Nel 2015, quando cessò l’era Kirchner, prima gestita dal marito, poi dalla moglie, l’Argentina non navigava in ottime acque, ma disponeva di meccanismi per evitare la totale disfatta sociale ed economica. Poi arrivò Mauricio Macrì, convinto sostenitore della teoria neoliberista secondo la quale il sereno torna da solo se si libera il mercato da tasse, lacci e lacciuoli. Detto fatto, per prima cosa tolse ogni meccanismo di difesa del pesos e lasciò che si attestasse sul valore deciso dal mercato tramite il libero incontro fra offerta e domanda.
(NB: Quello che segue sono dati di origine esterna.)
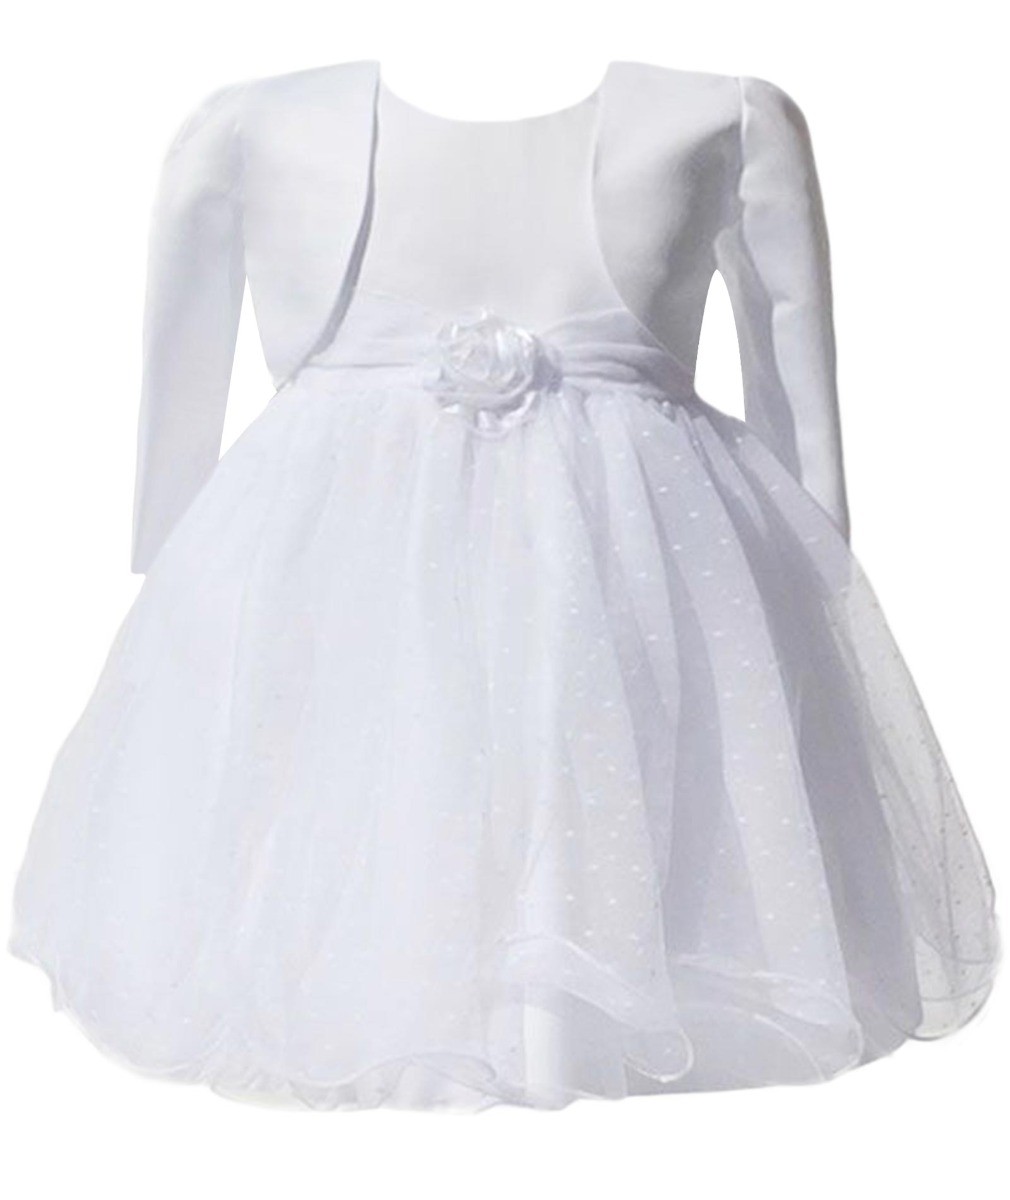 Baby Mädchen Kleid mit Bolero Jacke - Weiß

Era il dicembre 2015 e il pesos, in un solo giorno, si svalutò del 30% per la gioia delle multinazionali dell’agroindustria e dell’industria estrattiva che essendo al tempo stessi produttori e acquirenti, hanno tutto l’interesse a fare uscire dal paese prodotti a basso prezzo che poi generano guadagni nelle fasi di rivendita successiva sotto forma di dollari riparabili nei paradisi fiscali. E per non lasciare le cose a metà, Macri tolse anche tutti i limiti alle esportazioni creando una situazione concorrenziale fra la domanda interna e quella internazionale che ebbe la peggio per la domanda interna. Il prezzo interno di soia e cereali crebbe addirittura del 150% mettendo in crisi non solo i consumatori finali, ma anche l’industria intermedia della carne. Contemporaneamente anche le importazioni vennero rimesse in totale libertà e nonostante la svalutazione del pesos, i manufatti stranieri invasero l’Argentina mettendo in crisi settori chiave del paese come l’industria tessile, meccanica e calzaturiera. La conclusione è stata che fra il 2016 e il 2017 le importazioni hanno superato di gran lunga le esportazioni generando un deficit commerciale verso l’estero per 14 miliardi di euro.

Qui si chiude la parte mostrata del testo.